Clustering methods can allow identification of groups of markers with similar expression. A common application is to search for genes that appear to be co-regulated. A list of such markers, saved to the Markers component, can be used for further steps, such as retrieving upstream sequences, Gene Ontology analysis, or viewing of annotations.


The SOM (Self-Organizing Maps) method clusters markers into a user-specified number of bins. In geWorkbench, a SOM visualizer component displays the results graphically.

SOM Example

  • Note - for the distance calculations used in SOM analysis to be valid, the data must have been normalized such that the scale of variation over each array is equal. (More details to be added here).
  • Load the microarray dataset "webmatrix_quantile_log2_dev1_mv0.exp", available in the tutorial_data.zip Download.
  • In the Arrays/Phenotypes component pulldown menu, select the group labeled "Class".
  • Activate two sets of arrays to compare, e.g. GC B-cell and non-GC B-cell, by checking the boxes before the names (these are chosen here because they are the smallest groups).
  • Go to the Analysis component, and select SOM Analysis.

Parameters: Rows, Columns - give the number of bins into which to separate the different marker expression patterns. Radius - Iterations - Alpha - Function - Bubble or Gaussian

The default parameters are shown below. We will accept these parameters.

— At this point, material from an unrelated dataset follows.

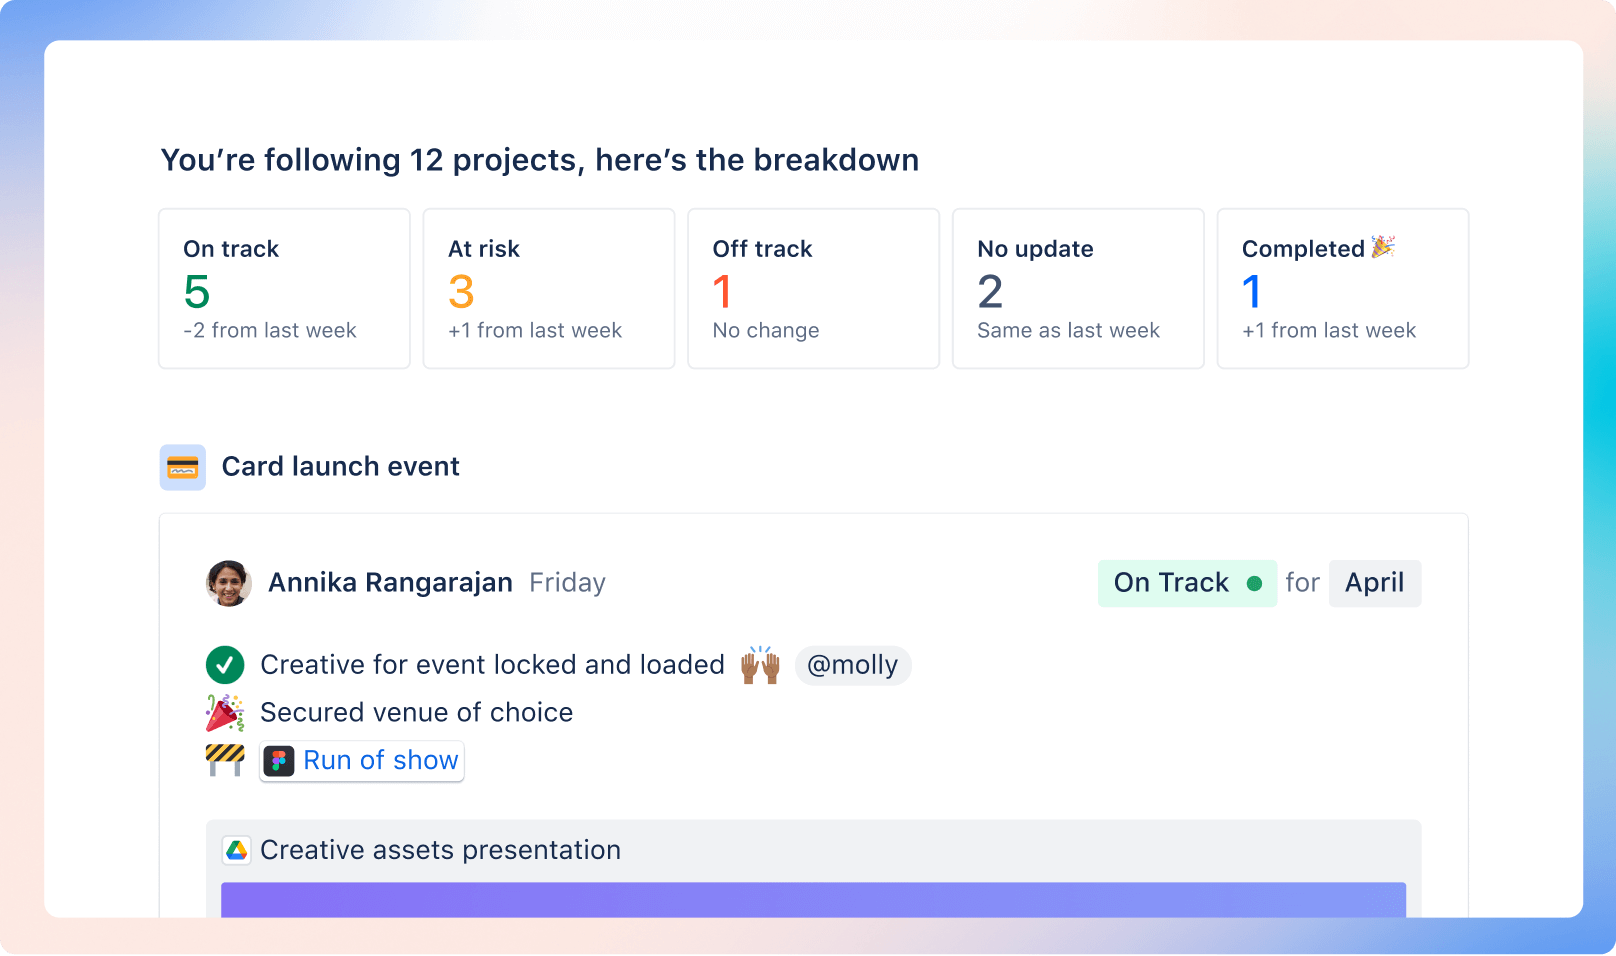 Project breakdown

T SOM Analysis Parameters.png


The resulting display of nine clusters is shown below. The user should experiment with different parameters to attempt to discern informative groupings.


T SOM display.png


Any individual graph can be right-clicked on and "Add to Set" chosen. This will add these markers to a new Set in the Markers component. Each will be given a name starting with "Cluster Grid" and the number of markers will be shown.


Saving the list of genes

For use in future examples, you can save a list of genes from the Markers panel:

  • Highlight its entry in the Markers component (Cluster Tree[84]).
  • Right-click and select "Save".
  • Enter a name. We have saved the list from the above hierarchical clustering example as "cluster_tree_total_pearsons_84_markers.csv". (The .csv is added automatically). This list is available under this name in the tutorial data download.